China improvement helps Dickson earnings rise 19pc
Wholesaler and luxury goods retailer Dickson Concepts says a break-even result at its China operation, strong sales growth - particularly in Hong Kong - and cost control helped it boost attributable profit 19 per cent to $395.5 million in 1995-96.
The improvement in the China business followed a restructuring that led to a $17.5 million exceptional loss in the previous year.
Overall turnover at Dickson, which on Tuesday announced the $180 million purchase of 85 per cent of Hong Kong Seibu Enterprise, increased 11.1 per cent to $3.94 billion. Operating profit rose from $422.4 million to $516.3 million.
Operating margin rose to 13.1 per cent and earnings per share increased to 58.2 cents.
The group recommended a final dividend of 21 cents per share and the total dividend for the year is 33 cents per share.
Dickson executive chairman Dickson Poon said the group would book about a $655 million exceptional gain in the current year from the spin-off of its Harvey Nichols department store operation in London.
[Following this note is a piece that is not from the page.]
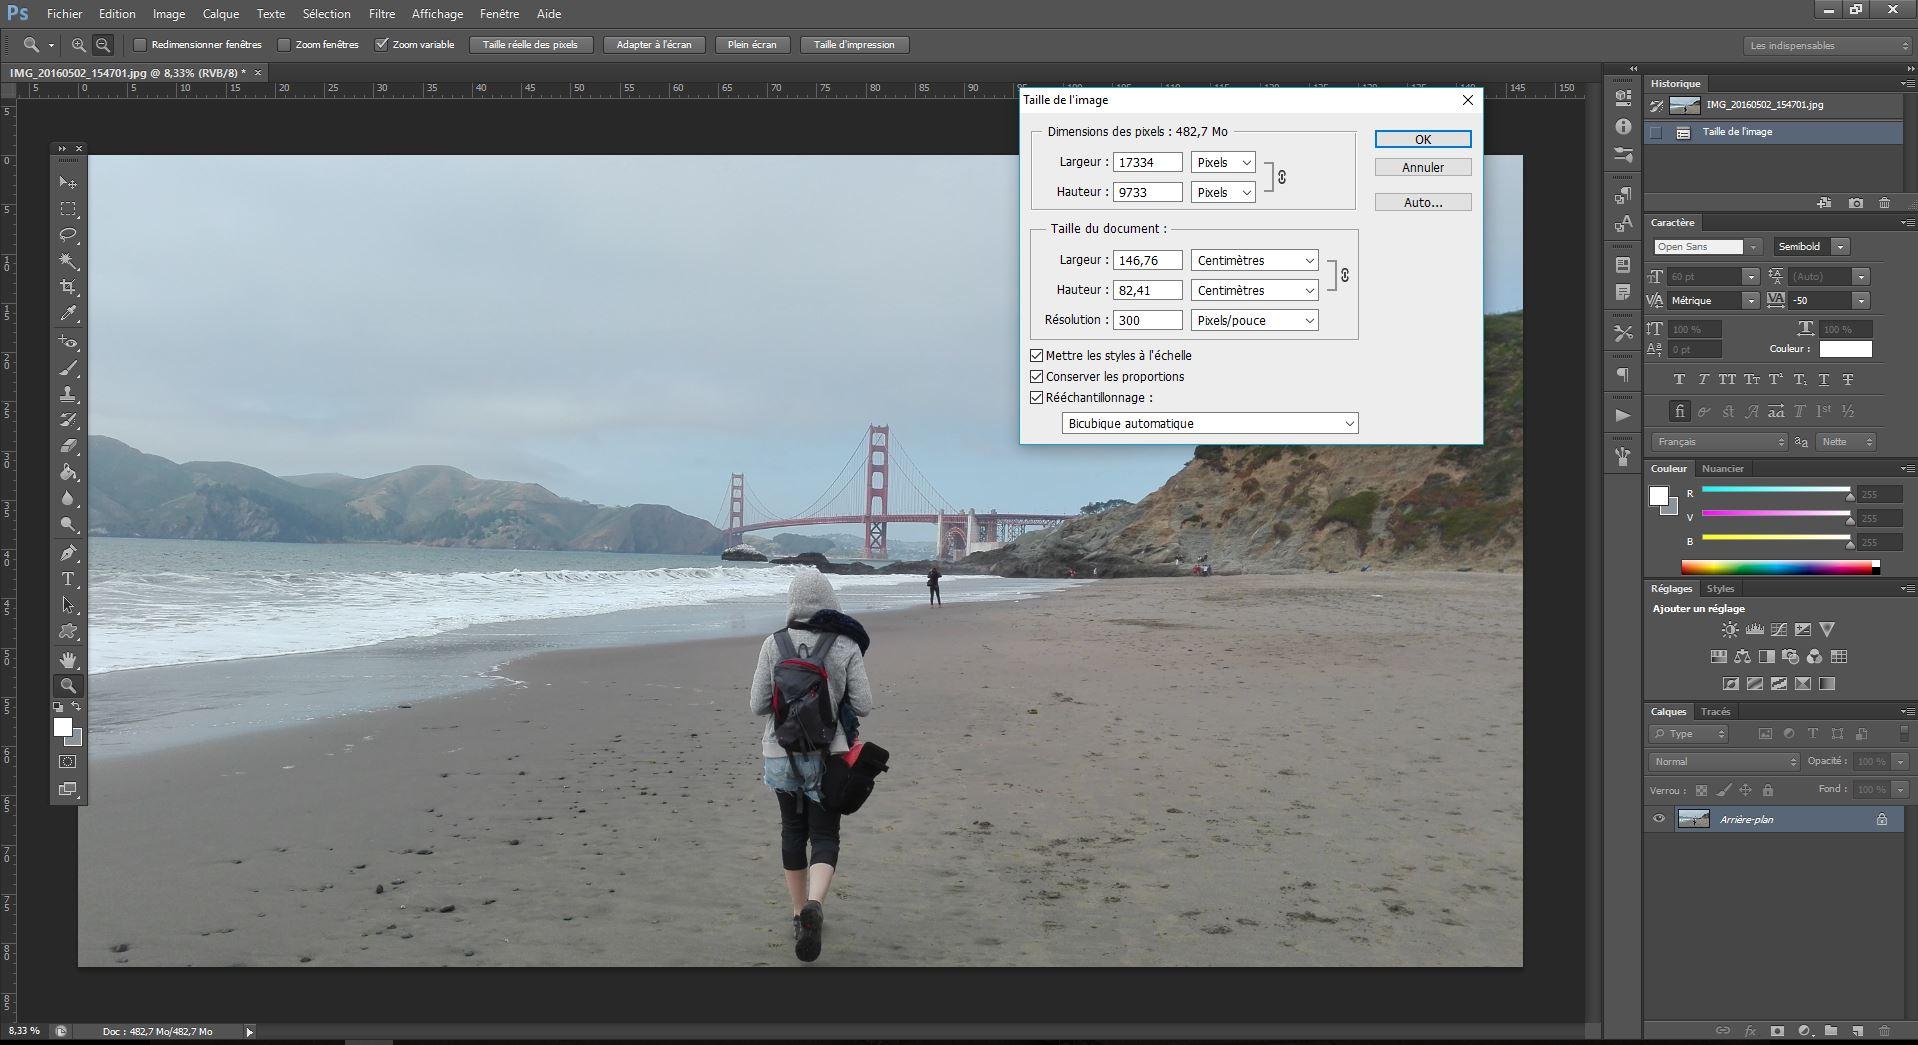 Vérifier qualité image Photoshop

Harvey Nichols has retained ownership of its freehold property in Knightsbridge after the spin-off and it will receive annual rental income of $38.2 million.
Mr Poon said Hong Kong had achieved 30 per cent profit growth last year despite the territory's lacklustre retail market.
Taiwan has become the second largest Asian market with a double-digit profit growth and the group will open another 12 new shops there. But Mr Poon declined to reveal the break-down of revenue contribution by different markets.
He said part of the $100 million share subscription and $80 million shareholder loan injected into Seibu would pay back some of Seibu's debt. But it would not be debt-free after the acquisition.
He dismissed speculation that Dickson planned to buy other Japanese stores. The location for a Harvey Nichols in Hong Kong had not been decided yet, he said.